- The paper’s main contribution is introducing miVAE, a novel autoencoder architecture that disentangles latent variables to capture both individual-specific and shared neural features in V1.
- It employs directed generative modeling and variational inference to robustly align multi-modal data, demonstrating enhanced cross-individual performance.
- Experimental results show that miVAE outperforms baseline models, with ablation studies confirming the critical role of latent space design in modeling neural dynamics.

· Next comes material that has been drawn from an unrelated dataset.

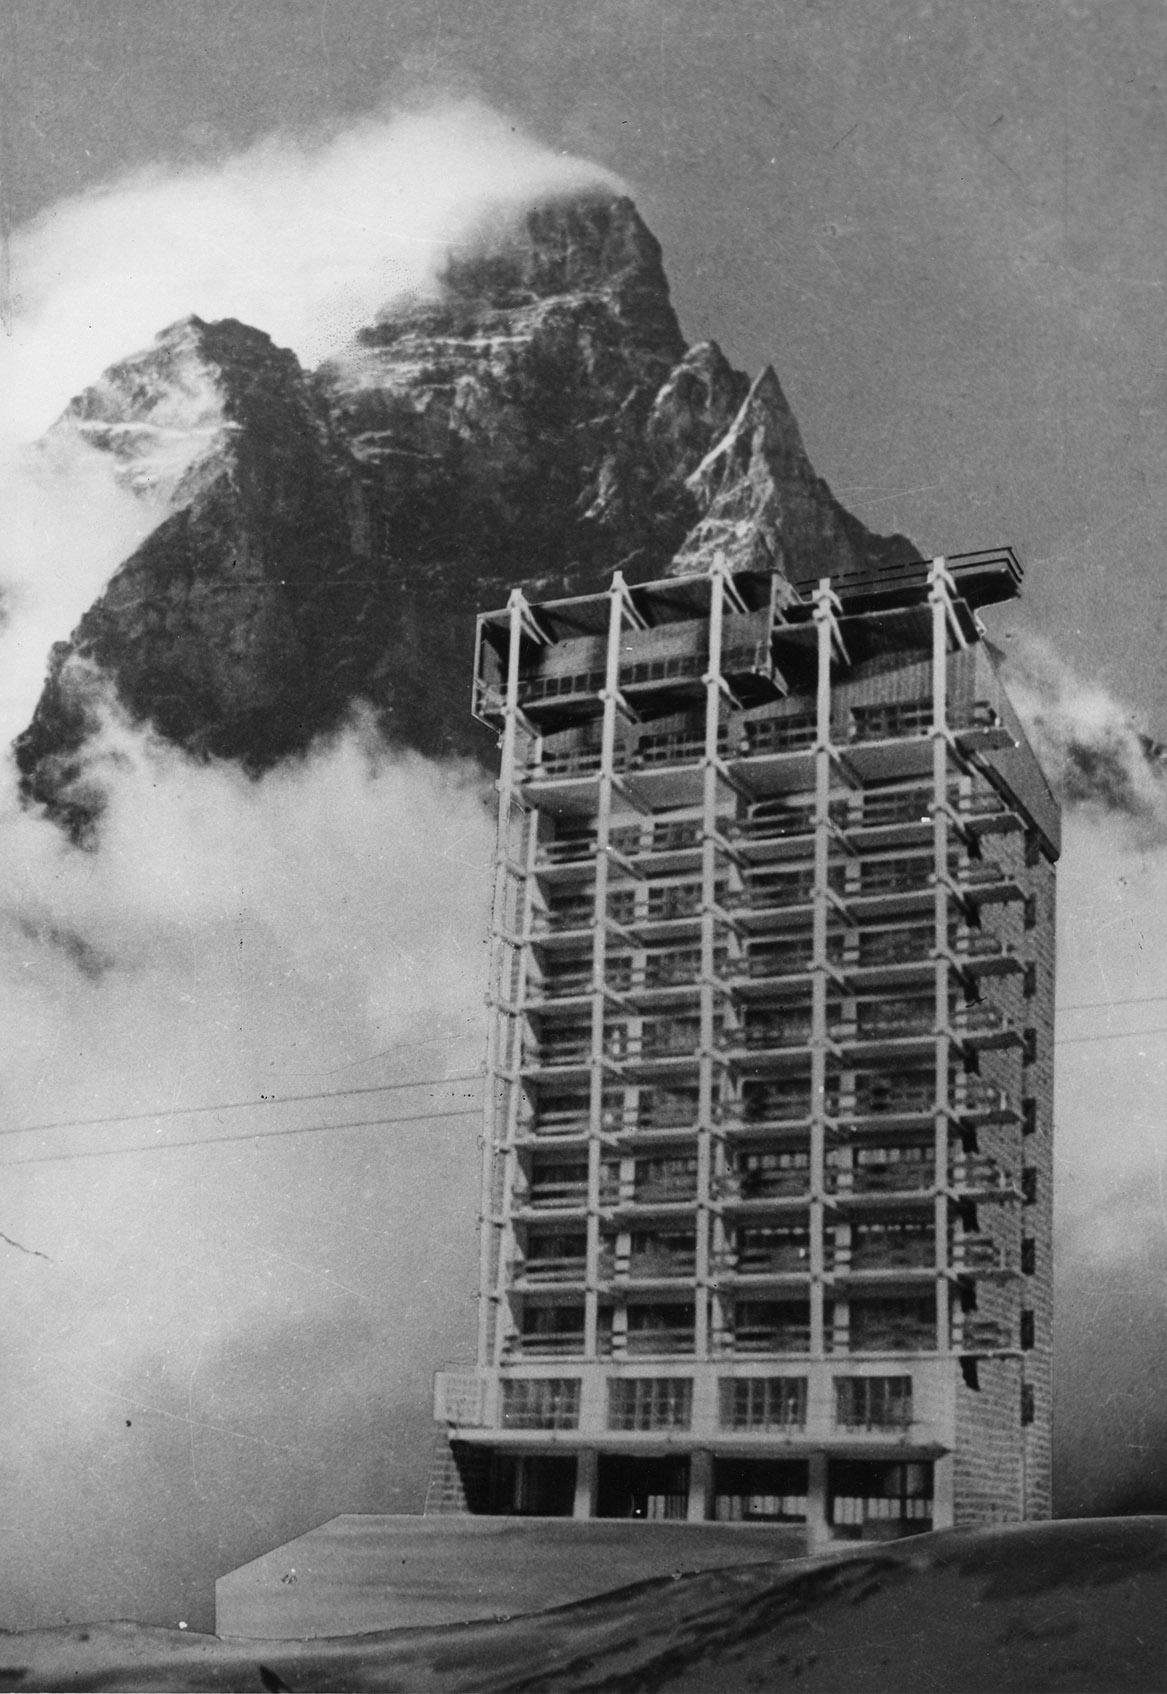 Carlo Mollino e Riccardo Moncalvo - Casa del Sole, Cervinia, fotomontaggio, 1955 circa. Courtesy ofPolitecnico di Torino, sezione Archivi biblioteca

Multi-Modal Latent Variables for Cross-Individual Primary Visual Cortex Modeling and Analysis
Introduction
This paper addresses the significant challenges in modeling the primary visual cortex (V1) across different individuals, particularly due to the inherent variability in neural characteristics and the integration of partial neural recordings with complex visual stimuli. The study introduces a multi-modal identifiable variational autoencoder (miVAE) designed to effectively map neural activity and visual stimuli into a unified latent space, enhancing cross-modal correlations and facilitating robust analysis without the need for subject-specific adjustments.
miVAE Architecture and Methodology
The core innovation of the paper lies in the architecture of the miVAE, which employs two-level latent space disentanglement. Neural activity is modeled with both idiosyncratic latent variables and preserved latent variables, capturing individual-specific details and consistent information across individuals. Visual stimuli are differentiated into activity-related and unrelated variables. This separation refines the latent space, optimizing the correlation between neural and visual inputs.
Figure 1: miVAE for modeling V1 neural activity x and corresponding visual stimuli y.
The cross-modal approach uses directed generative modeling to capture stimulus-evoked neural dynamics, reinforcing the correlation between neural activity and visual stimuli within the latent space. Variational inference aids in approximating intractable posteriors, optimizing the variational evidence lower bound (ELBO) across dual domains for effective learning.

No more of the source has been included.